The interaction of recombinant tissue type plasminogen activator and recombinant plasminogen activator (r-PA/BM 06.022) with human endothelial cells.

The Escherichia coli-expressed recombinant plasminogen activator (r-PA) comprising the kringle 2 and protease domains of human tissue-type plasminogen activator (t-PA) has a four-fold longer half-life time in the circulation than t-PA, possibly resulting in an increased opportunity for r-PA to interact with the endothelial lining. In the present study we investigated the interaction of r-PA and t-PA with human umbilical vein endothelial cells (HUVEC). Specific binding of 125I-t-PA and 125I-r-PA were similar at 4 degrees C (Kd 6 nmol/l; Bmax about 120 fmol/mg cell protein). About half of the specific binding sites were shared by t-PA and r-PA, because unlabeled t-PA and r-PA competed equally with 125I-labeled t-PA and r-PA for binding to HUVEC. The low affinity interaction of 125I-t-PA was several-fold higher than that of 125I-r-PA. When PA binding was studied at 37 degrees C, HUVEC bound more t-PA than r-PA to both specific and non-specific binding sites. Both t-PA and r-PA were internalized and degraded, but t-PA internalization proceeded more efficiently than that of r-PA. In the presence of 100 microM chloroquine, the degradation of t-PA and r-PA was inhibited by 75% and 40%, respectively, indicating lysosomal degradation. When the active sites of t-PA and r-PA were blocked by PPACK, part of the cell association and most of the degradation of both t-PA and r-PA were inhibited. This points to plasminogen activator inhibitor-1 (PAI-1) as one of the specific binding sites. A possible role of LDL-receptor related protein (LRP) or related members of this receptor family was investigated by using the 39 kD receptor associated protein (RAP) which prevents interaction of ligands with these receptors.
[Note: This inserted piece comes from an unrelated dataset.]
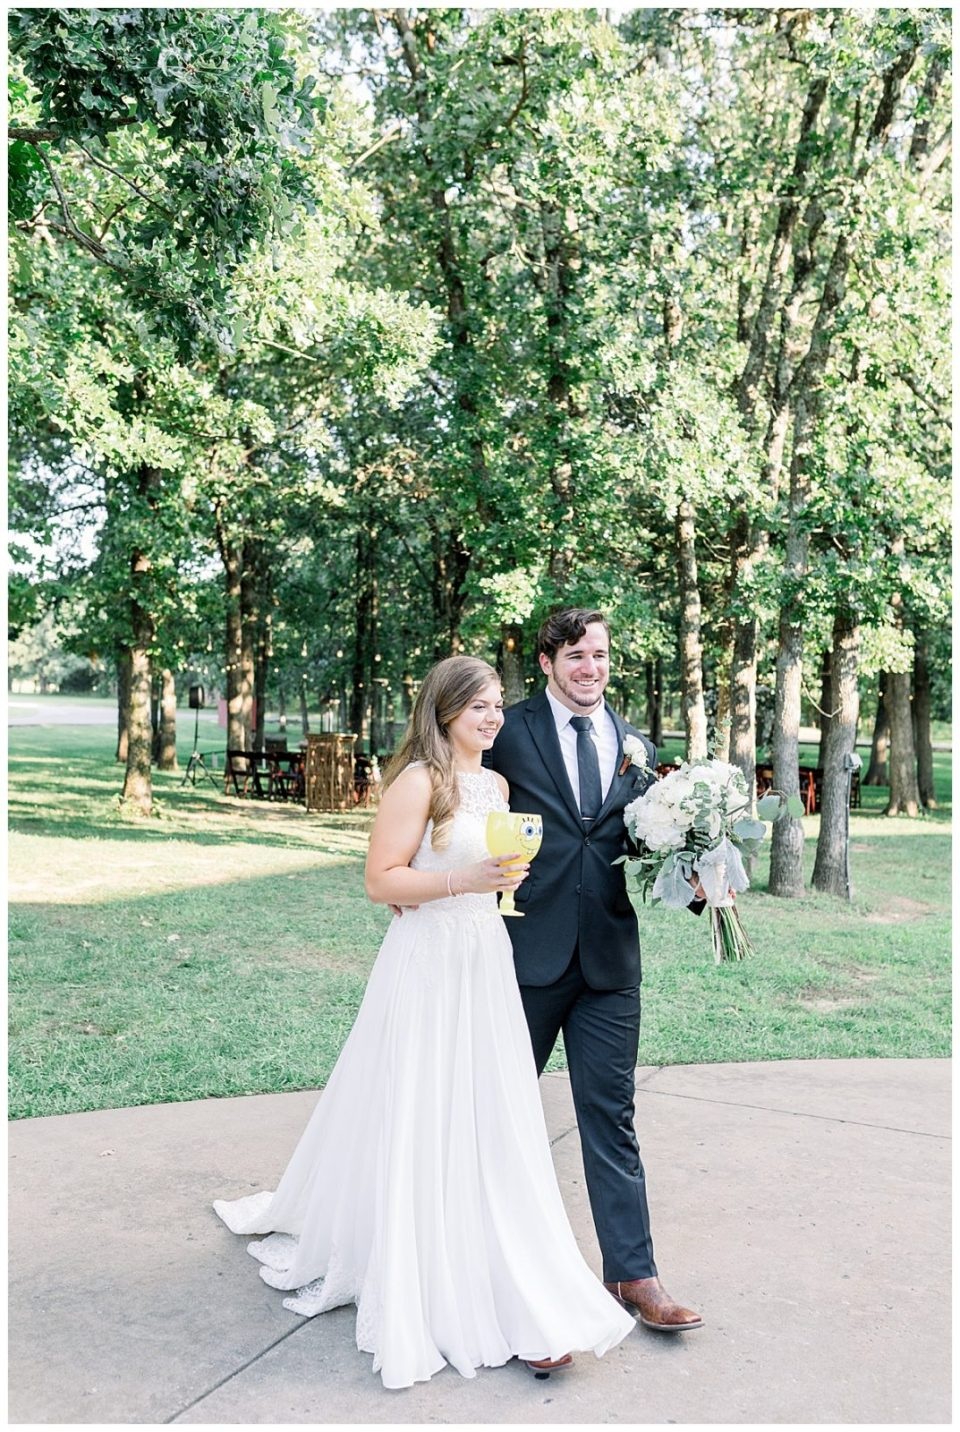 Bride and groom headed to wedding reception at PostOak Lodge in Tulsa, OK  Tulsa Wedding Photographer  PostOak Lodge Wedding  Destination Wedding Photographer  Andi Bravo Photography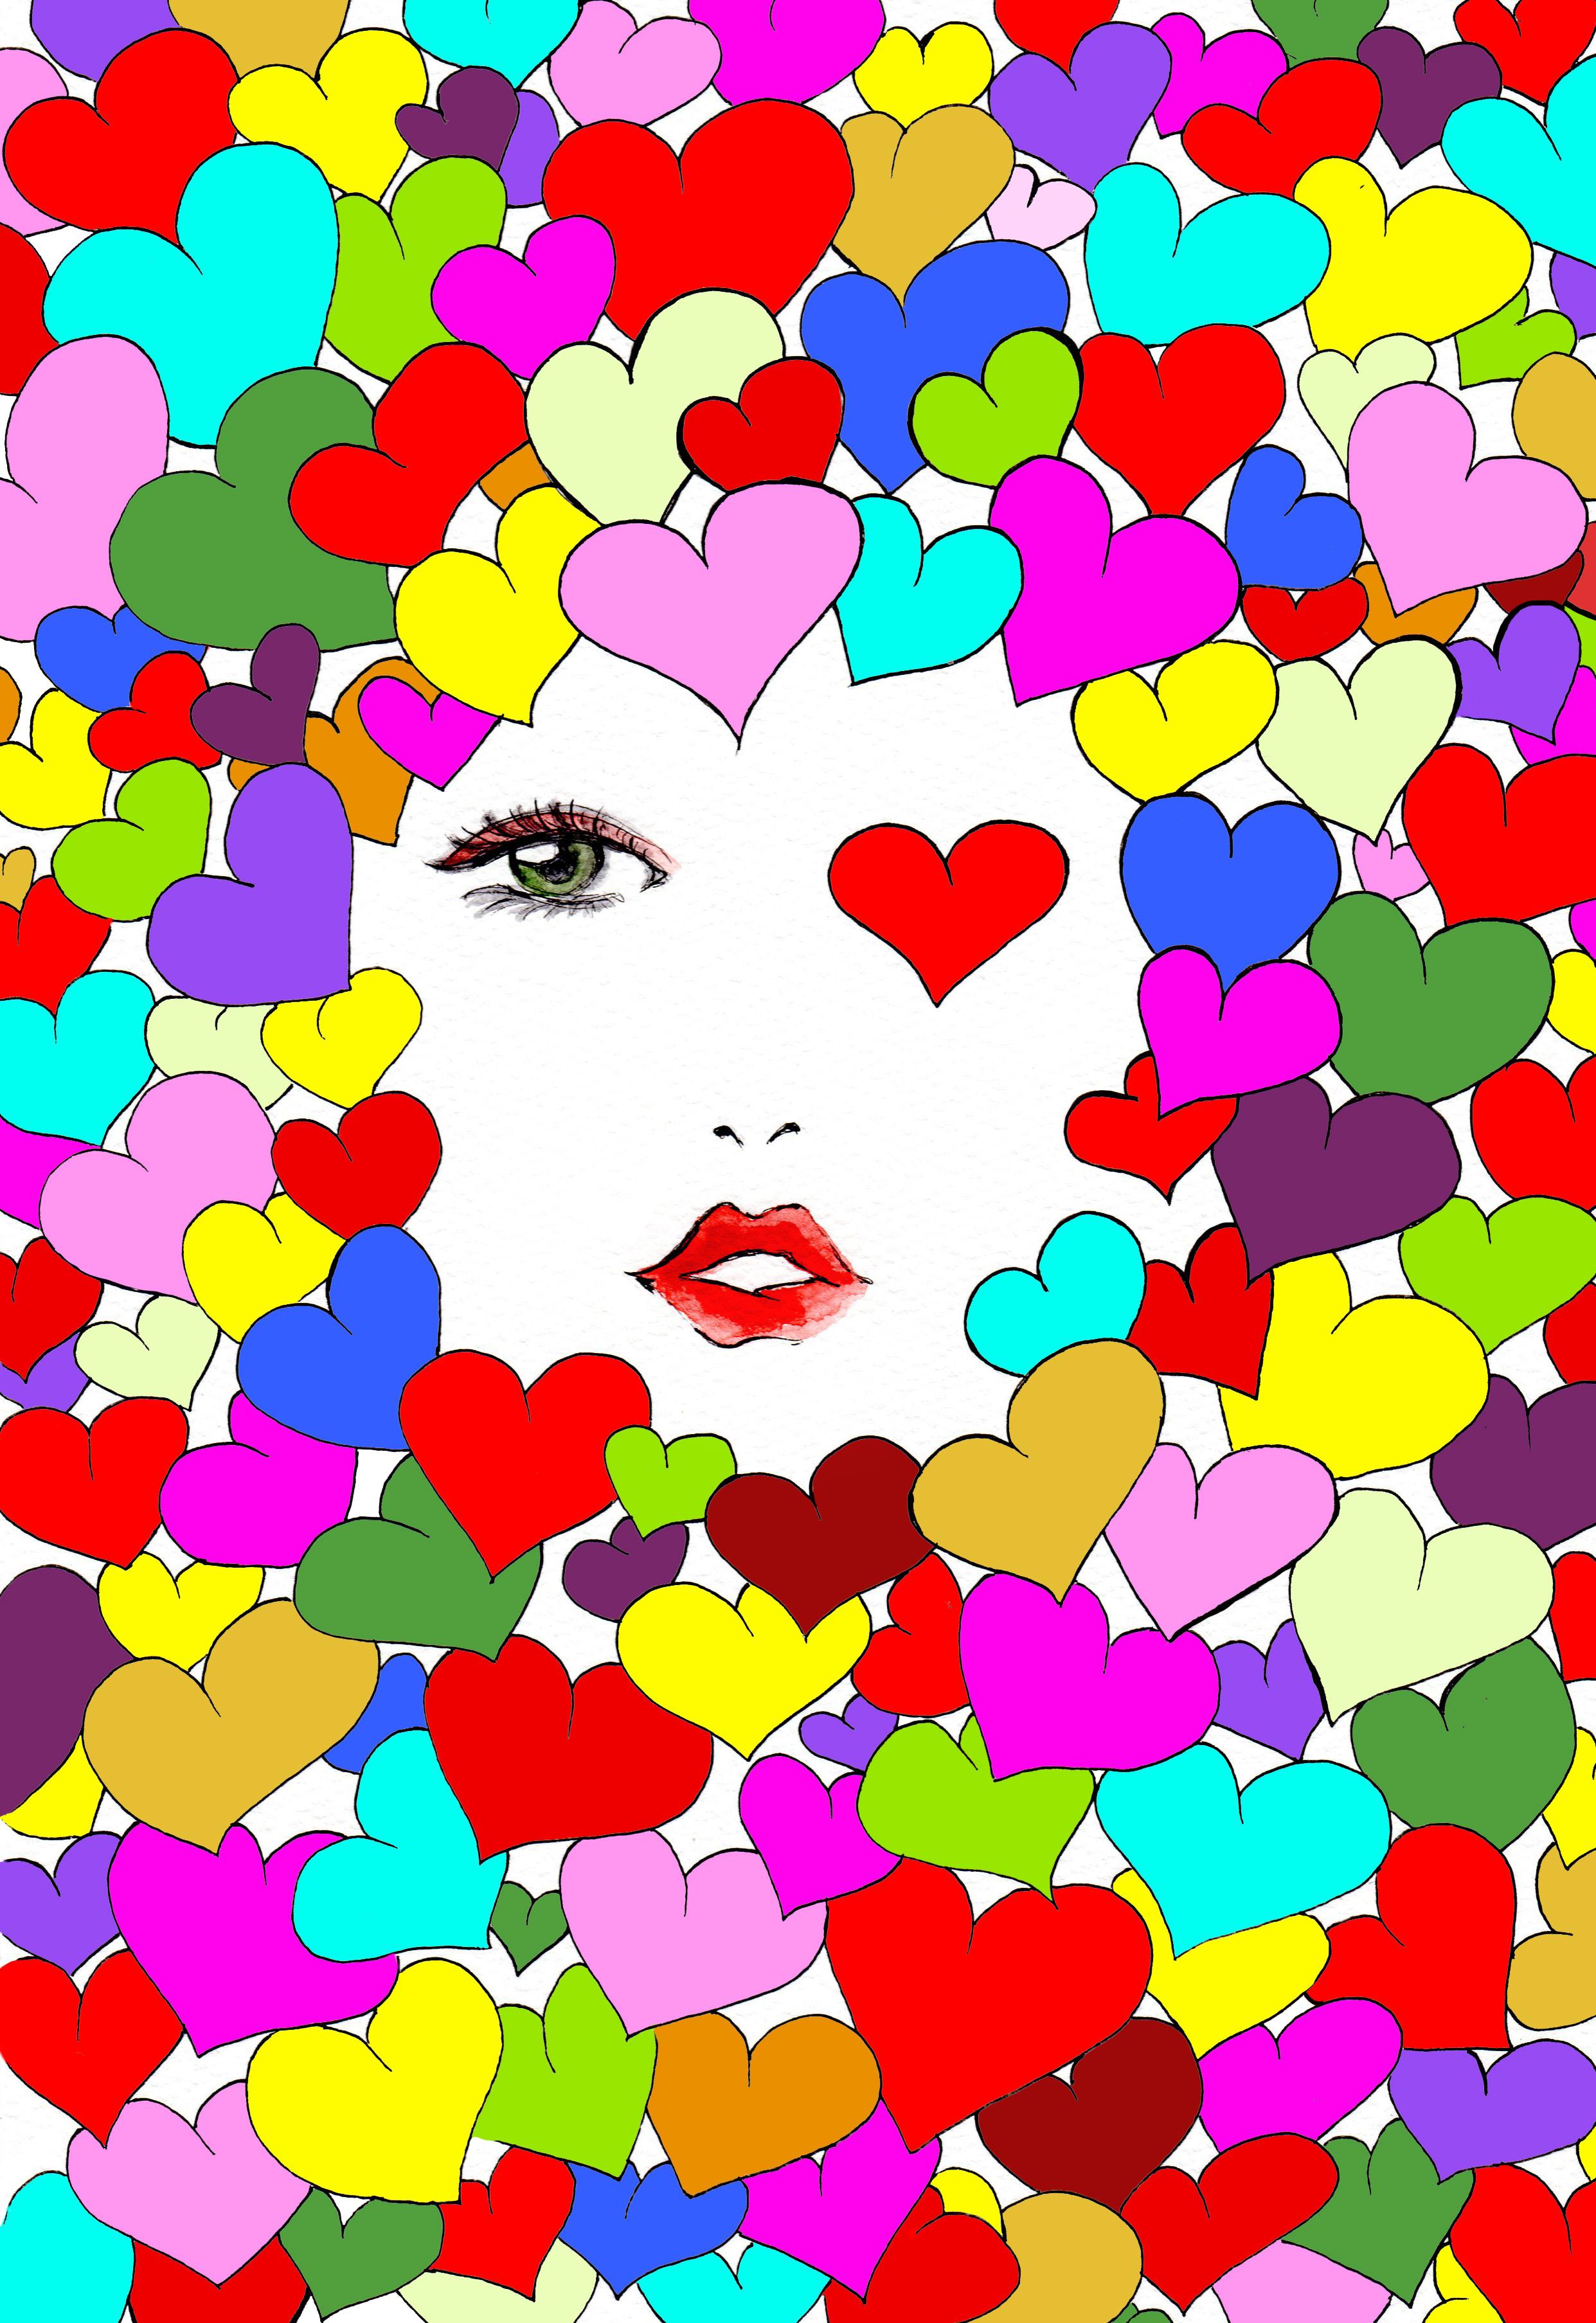 Heart chaos

RAP reduced the association of 125I-t-PA by 25% and the degradation of 125I-t-PA and 125I-r-PA by 65% and 50%, respectively. Our data show that both t-PA and r-PA bind to HUVEC and can subsequently be internalized and degraded. However, r-PA interacts less effectively with HUVEC than t-PA. This indicates that binding to the endothelium does not prevent the clearance of r-PA and is not the cause of its long half-life.